The Notes are originally being issued as part of the 6.00% Tangible Equity Units (the “ Units ”) issued by the Company pursuant to that certain Purchase Contract Agreement, dated as of September 17, 2018, between the Company and U.S. Bank National Association, as Purchase Contract Agent, as Trustee and as attorney-in-fact for the holders of Purchase Contracts from time to time (the “ Purchase Contract Agreement ”). Holders of the Units have the right to separate such Units into their constituent parts, consisting of Separate Purchase Contracts (as defined in the Purchase Contract Agreement) and Separate Notes, during the times, and under the circumstances, described in the Purchase Contract Agreement. Following separation of any Unit into its constituent Separate Note and Separate Purchase Contract, the Separate Notes are transferable independently from the Separate Purchase Contracts. In addition, Separate Notes can be recombined with Separate Purchase Contracts to recreate Units, as provided for in the Purchase Contract Agreement. Reference is hereby made to the Purchase Contract Agreement for a more complete description of the terms thereof applicable to the Units.

As provided in the Indenture and subject to certain limitations therein set forth, the transfer of this Note shall be registered on the Security Register of the Company, upon due presentation of this Note for registration of transfer at the office or agency of the Company in the Borough of Manhattan, The City of New York, duly endorsed by, or accompanied by a written instrument or instruments of transfer in form satisfactory to the Company and the Trustee duly executed by, the Holder hereof or by his attorney duly authorized in writing, and thereupon the Company shall execute and the Trustee shall authenticate and deliver in the name of the transferee or transferees a new Note or Notes in authorized denominations and for a like aggregate principal amount.

The Notes are initially issued in registered, global form without coupons in denominations equal to $8.45436 initial principal amount and integral multiples in excess thereof.

The Company or Trustee may require payment of a sum sufficient to cover any tax or other governmental charge that may be imposed in connection with any registration of transfer of this Note. No service charge shall be made for any such transfer or for any exchange of this Note as contemplated by the Indenture.

The Company, the Trustee and any agent of the Company or the Trustee may deem and treat the Person in whose name this Note is registered upon the Security Register for the Notes as the absolute owner of this Note (whether or not this Note shall be overdue and notwithstanding any notice of ownership or writing thereon made by anyone other than the Registrar) for the purpose of receiving payment of or on account of the principal of and, subject to the provisions of the Indenture, interest on this Note and for all other purposes; and neither the Company nor the Trustee nor any agent of the Company or the Trustee shall be affected by any notice to the contrary.

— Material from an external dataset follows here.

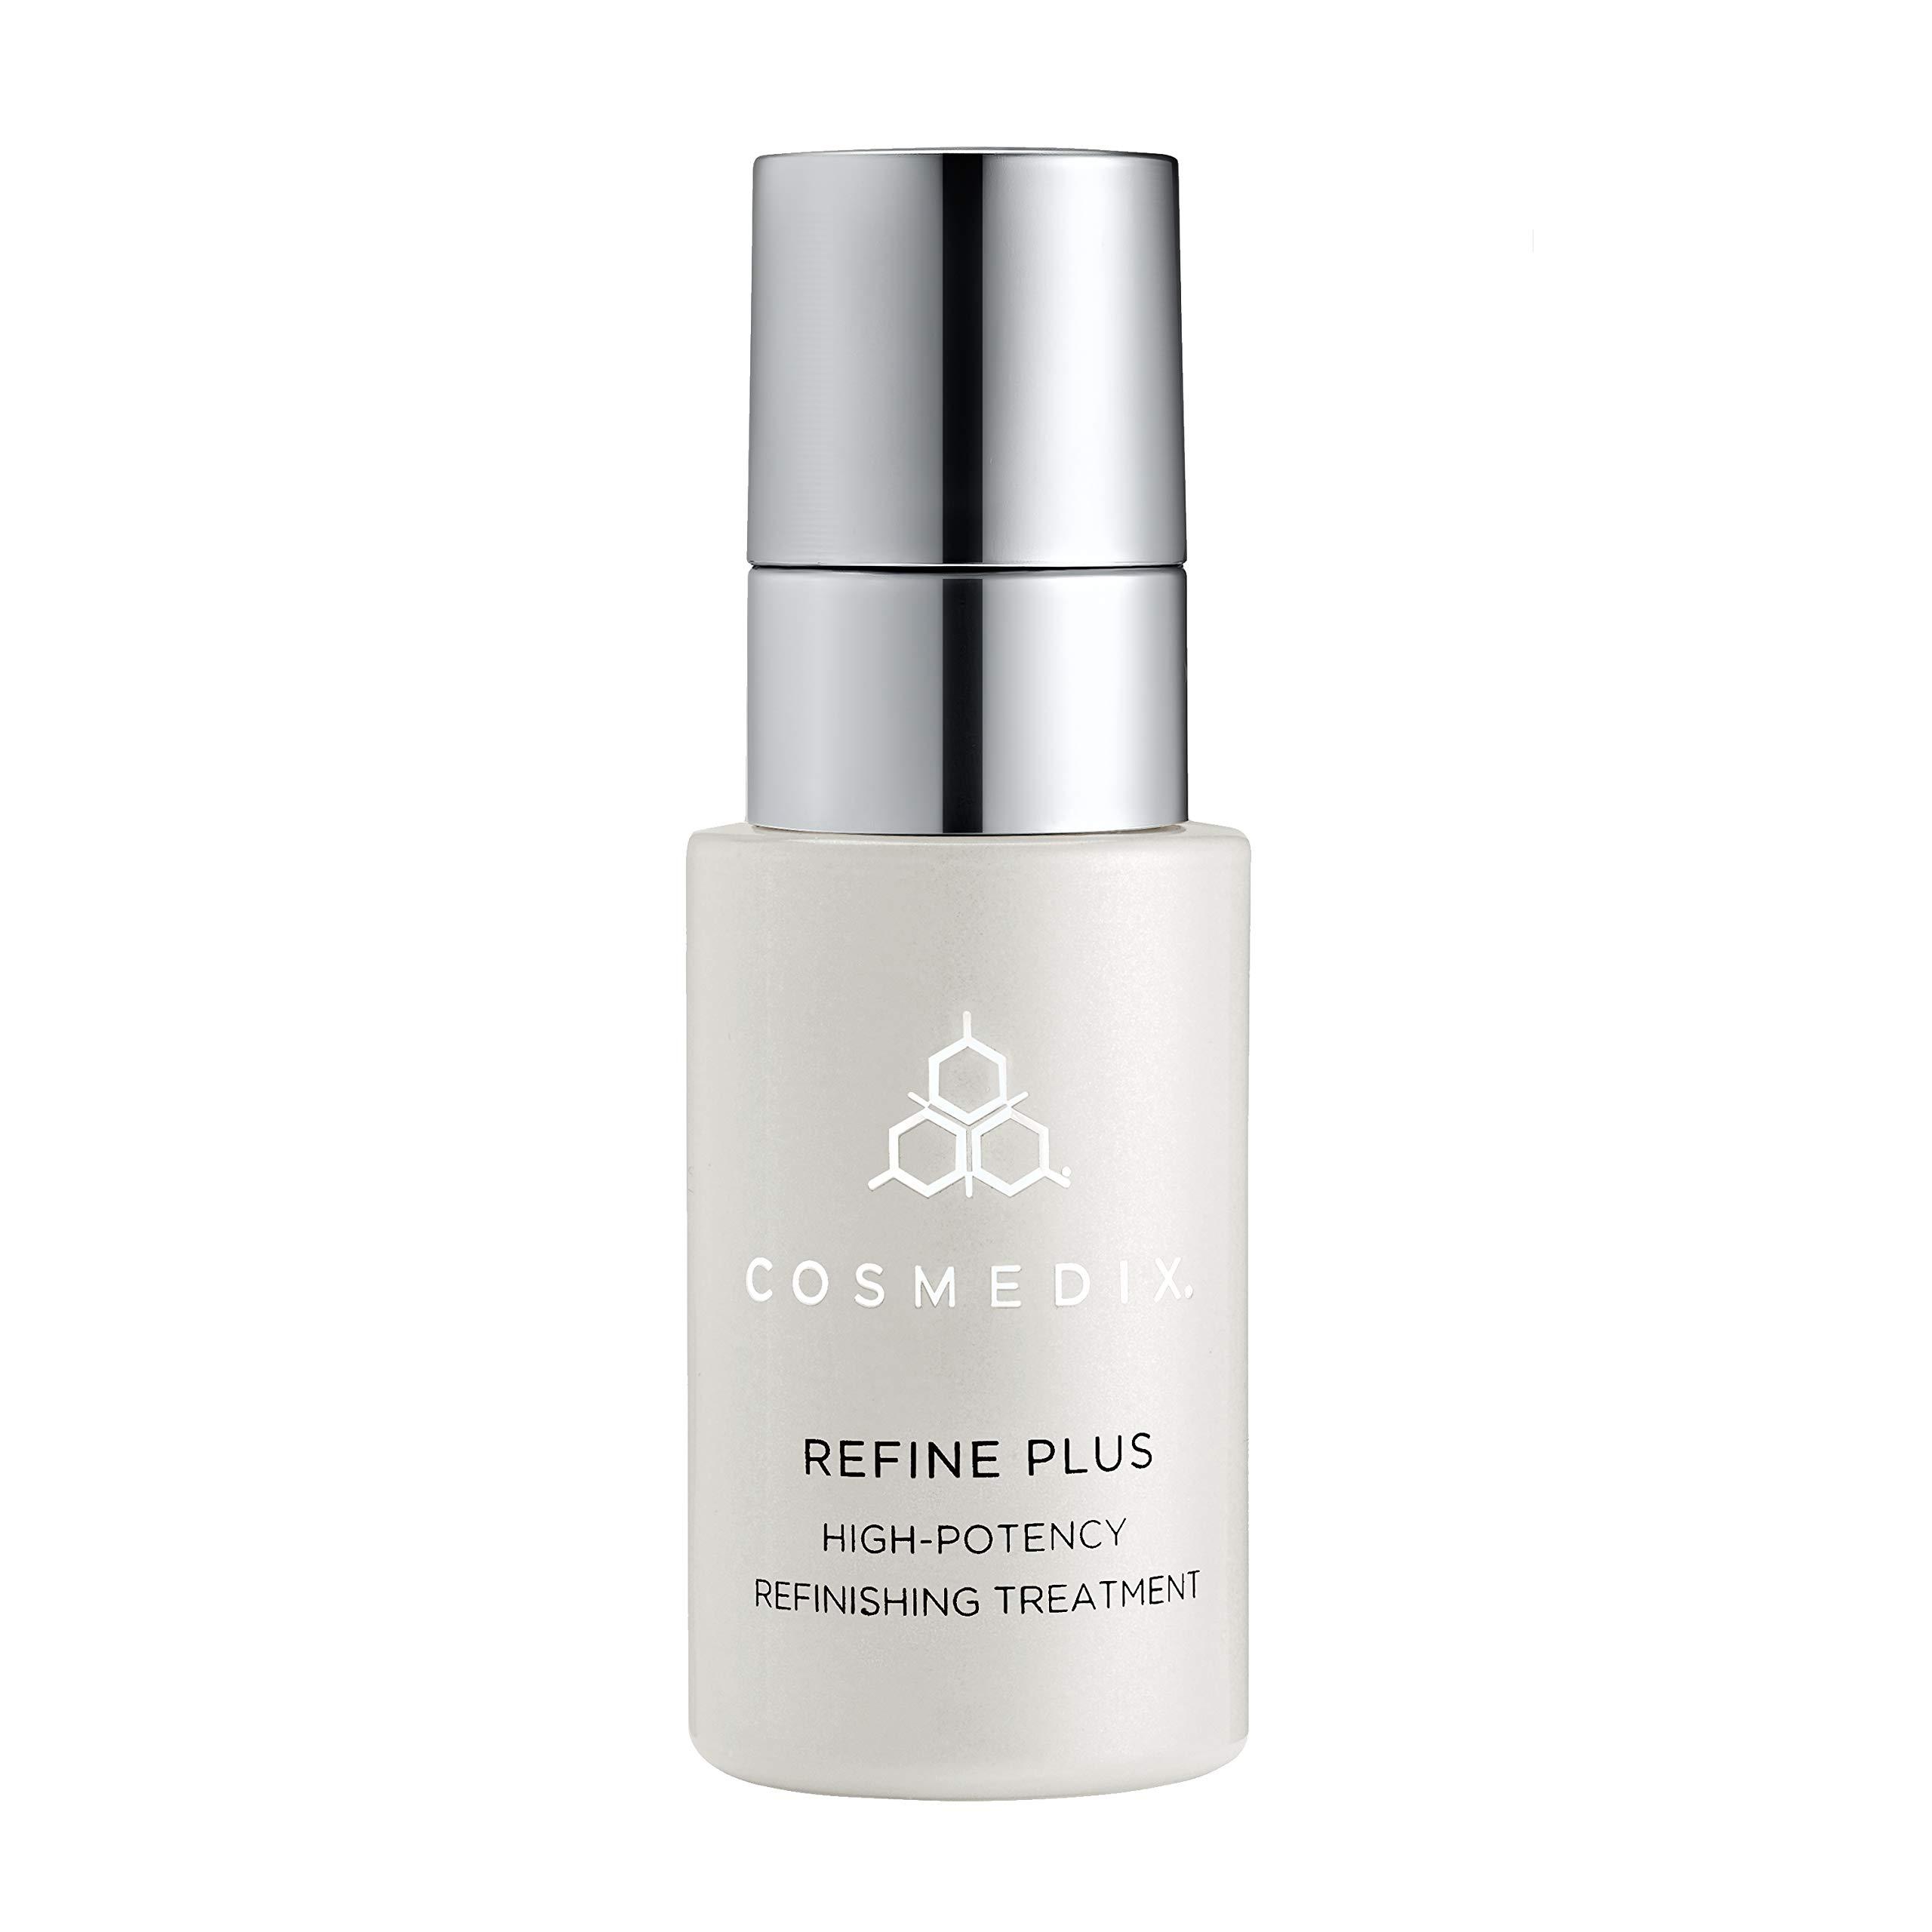 COSMEDIX Refine Plus High-Potency Refininshing Treatment, Anti Wrinkle Under Eye Serum, 0.5 Fl Oz

This Note and the Indenture shall be governed by, and construed in accordance with, the laws of the State of New York .

Capitalized terms used but not defined in this Note shall have the meanings ascribed to such terms in the Indenture.

No recourse shall be had for the payment of any Installment Payment on this Note, or for any claim based hereon, or upon any obligation, covenant or agreement of the Company in the Indenture, against any incorporator, stockholder, officer or director, past, present or future of the Company or of any predecessor or successor, either directly or through the Company or any predecessor or successor, whether by virtue of any constitution, statute or rule of law, or by the enforcement of any assessment of penalty or otherwise; and all such personal liability is expressly released and waived as a condition of, and as part of the consideration for, the issuance of this Note.

 

A - 5


The Company and each Beneficial Holder agrees, for United States federal income tax purposes, to treat the Notes as indebtedness of the Company.

In the event of any inconsistency between the provisions of this Note and the provisions of the Indenture, the Indenture shall prevail.

 

A - 6


ASSIGNMENT

FOR VALUE RECEIVED, the undersigned assigns and transfers this Note to:

(Insert assignee’s social security or tax identification number)

(Insert address and zip code of assignee)

and irrevocably appoints

agent to transfer this Note on the books of the Company. The agent may substitute another to act for him or her.

Date:                     

 

Signature:
Signature Guarantee:

(Sign exactly as your name appears on the other side of this Note)

 

A - 7


SIGNATURE GUARANTEE

Signatures must be guaranteed by an “eligible guarantor institution” meeting the requirements of the Registrar, which requirements include membership or participation in the Security Transfer Agent Medallion Program (“STAMP”) or such other “signature guarantee program” as may be determined by the Registrar in addition to, or in substitution for, STAMP, all in accordance with the Securities Exchange Act of 1934, as amended.

 

By:  

 

  Name:
  Title:

as Trustee

 

By:  

 

  Name:
  Title:

Attest

 

By:  

 

  Name:
  Title:

 

A - 8


FORM OF REPURCHASE NOTICE

 

TO:

INTERNATIONAL FLAVORS & FRAGRANCES INC.

U.S. BANK NATIONAL ASSOCIATION, as Trustee

The undersigned registered Holder hereby irrevocably acknowledges receipt of a notice from International Flavors & Fragrances Inc. (the “ Company ”) regarding the right of Holders to elect to require the Company to repurchase the Notes and requests and instructs the Company to pay, for each Note designated below, the Repurchase Price for such Notes (determined as set forth in the Indenture), in accordance with the terms of the Indenture and the Notes, to the registered holder hereof. Capitalized terms used herein but not defined shall have the meanings ascribed to such terms in the Indenture. The Notes shall be repurchased by the Company as of the Repurchase Date pursuant to the terms and conditions specified in the Indenture.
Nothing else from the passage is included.